The Grauniad should have remembered that, in any argument, if you take the moral high ground it must be out of artillery range.

March 31, 2015 5:45 pm

Having read Rusbridger’s Wiki entry, I’m not sure what to make of him.

March 31, 2015 5:49 pm

The rag is already running at a 25 million pound loss per year just to make some North London geeks feel superior, but don’t expect the hacks to commit ritual seppuku on their fat subsidised pensions. Puhleese …

Reply to  Pointman
March 31, 2015 7:32 pm

Except it sold its stake in Autotrader to secure its nefarious future as the ducking stool and witch burning axis of evil alongside the BBC.
“The sale proceeds, coupled with GMG’s existing cash and investment fund, which stood at £254m at the end of March, are expected to provide financial support for the Guardian, Observer and website for at least 30 years, including funds for further potential digital and overseas expansion.”.

Reply to  Pointman
April 1, 2015 12:09 am

Us north London lot do not feel superior and we are some of the Guardian‘s fiercest critics. In any case, Rushbridger will be gone by June – hence the flogging of his favorite hobby horse to death while he still can.

Reply to  Sasha
April 1, 2015 3:58 am

Err, OK Quentin. Whatever you say 🙂

Reply to  Sasha
April 1, 2015 4:02 am

Darn it, try again.

Reply to  Sasha
April 1, 2015 4:13 am

Bah Humbug. That oughta do it 🙂

Reply to  Pointman
April 1, 2015 3:09 am

I get it. Liquidating assets to raise cash to keep a business afloat is a good thing …

March 31, 2015 8:14 pm

Here is a visual analogy of the Guardian’s spin on things.
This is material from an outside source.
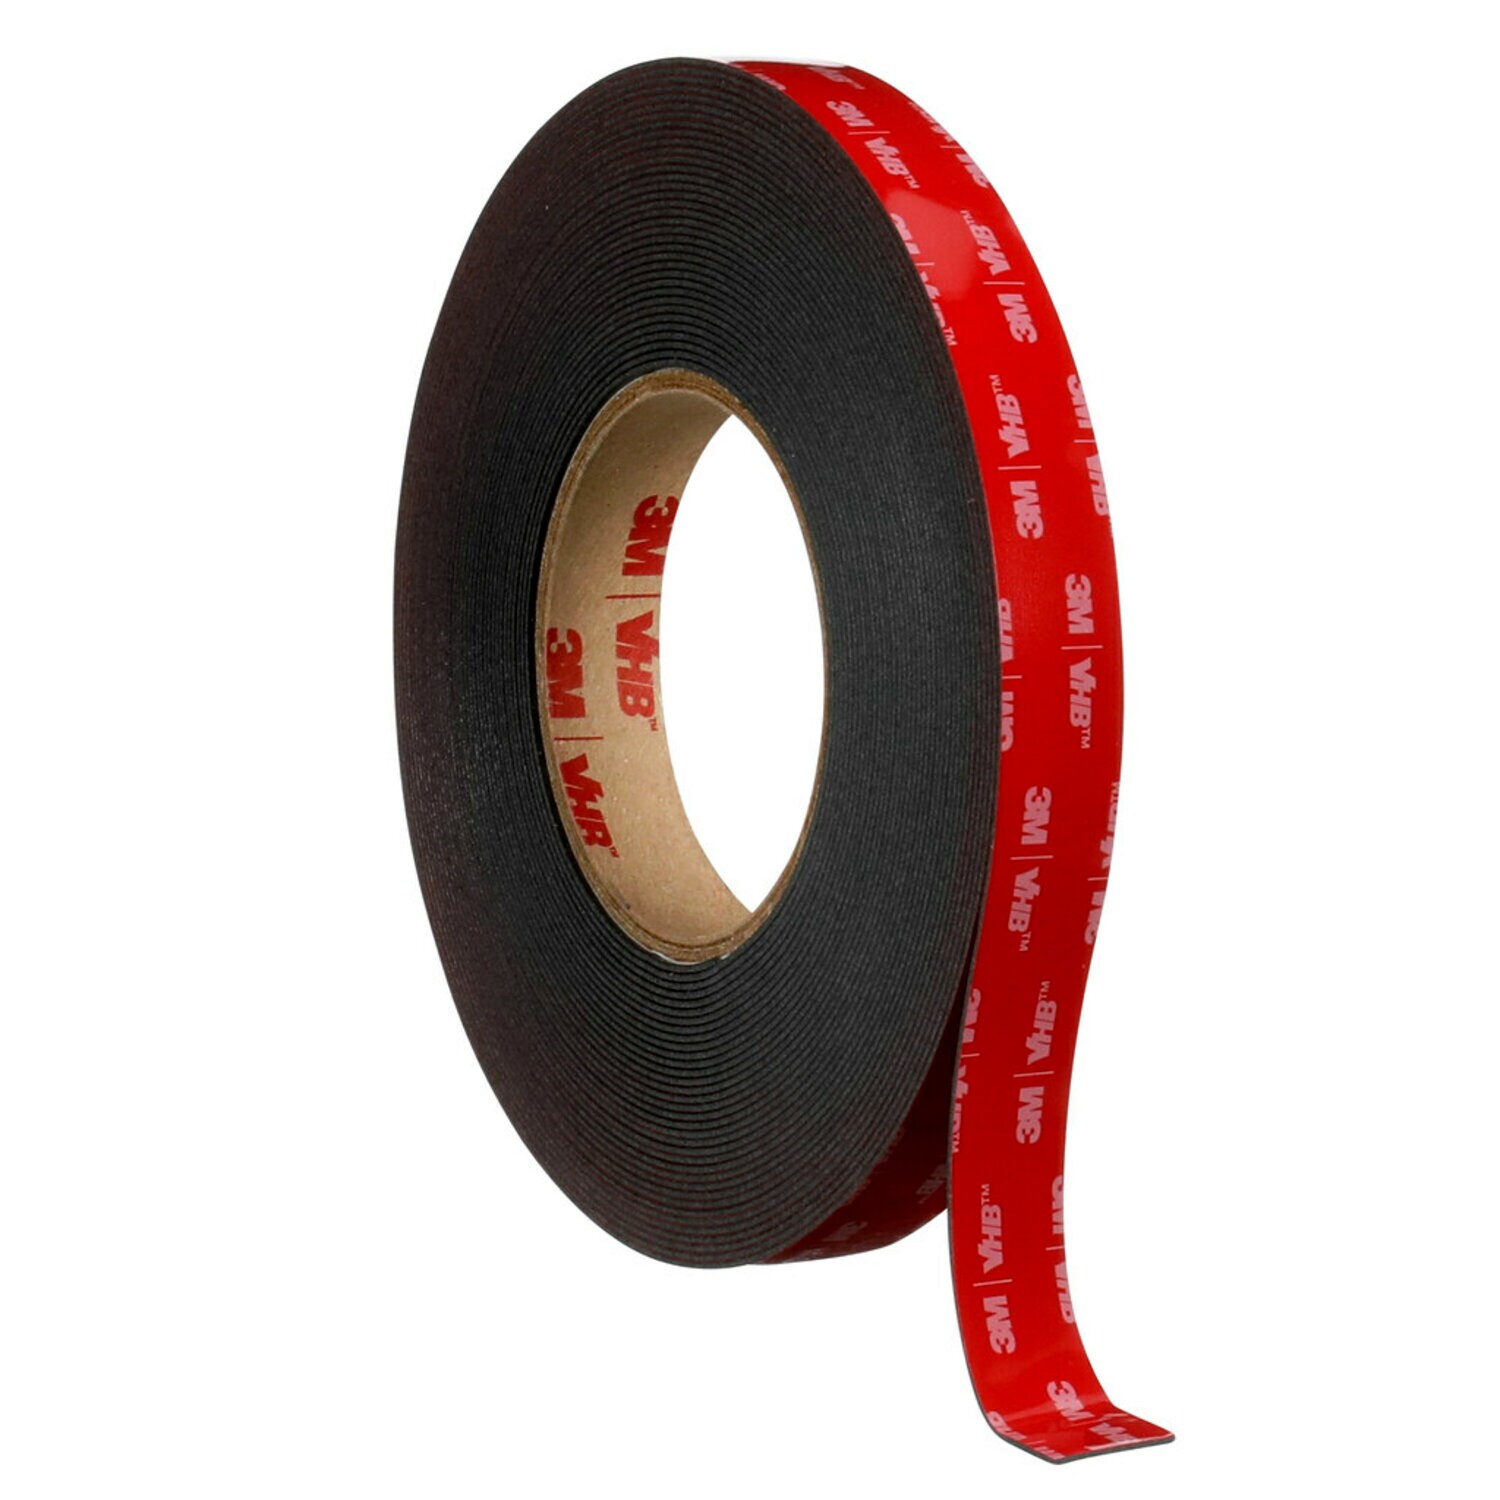 3M Vhb 4646 Heavy Duty Mounting Tape - 3 In. X 15 Ft. Permanent

(100% pure video feedback!)

Reply to  Max Photon
March 31, 2015 8:20 pm

comment image

Reply to  Max Photon
April 1, 2015 8:04 am

Reminds me of images I recorded back when I got my first “portable” VHS recorder back ~ 1980 . Camera ~ 6lb , recorder ~ 20 and aimed it at my TV . Feedback sound , too . Interesting standing waves . Tape still out in a barn , I think .

April 1, 2015 12:28 am

(Another wasted effort by a banned sockpuppet. Comment DELETED. -mod)

M Courtney
Reply to  icouldnthelpit
April 1, 2015 4:22 am

He’s still a hypocrite as he could follow his employers guidance or quit.
But it’s not easy to give up dirty cash to maintain one’s integrity – especially if you haven’t got any.

Reply to  M Courtney
April 1, 2015 5:14 am

(Another wasted effort by a banned sockpuppet. Comment DELETED. -mod)

Reply to  M Courtney
April 1, 2015 5:52 am

Watch this space.

M Courtney
Reply to  M Courtney
April 1, 2015 6:32 am

I do see something hypocritical with that.
Because “that” is such an extreme position.
This isn’t a case of a campaign for change to a TV soap or to play a footballer in a different role… this is about raising energy costs for the third world in order to prevent some disaster in the future.
That campaign is for deaths now in order to prevent hypothetical deaths later.
He ‘s demanding mothers sacrifice their babies. That’s what higher energy costs mean.
And yet he won’t even sacrifice his income? I know it’s a lot of income but, really.
This campaign is promoting an extremist view. It promotes immediate suffering. He ought to believe in it enough to suffer too.
But he doesn’t.

Reply to  M Courtney
April 1, 2015 6:48 am

(Another wasted effort by a banned sockpuppet. That one must havce taken 30 minutes or more to write. Sorry. Comment DELETED. -mod)

M Courtney
Reply to  M Courtney
April 1, 2015 8:44 am

icouldnthelpit, I’ve read their aims.
It is sophistry to cover the complaint I make. They know it is true that denying the poor the cheapest energy leads to the poor dying. As the poor are dying today. And as they will tomorrow if the Guardian’s campaign works.
Were there an alternative to the only proven way of raising people out of poverty (fossil fuels) then the Guardian would promote it. But renewables are more expensive. And the price is in the lives of the starving and ill.
So it can’t safely not be burnt.
The suffering is not hypothetical modelled harm – or even a true believer’s devout prophecy. It is happening in reality, now!
Aiming to discourage investment in the source of health, wealth and the culture of first world societies is immoral. It raises the costs of progress.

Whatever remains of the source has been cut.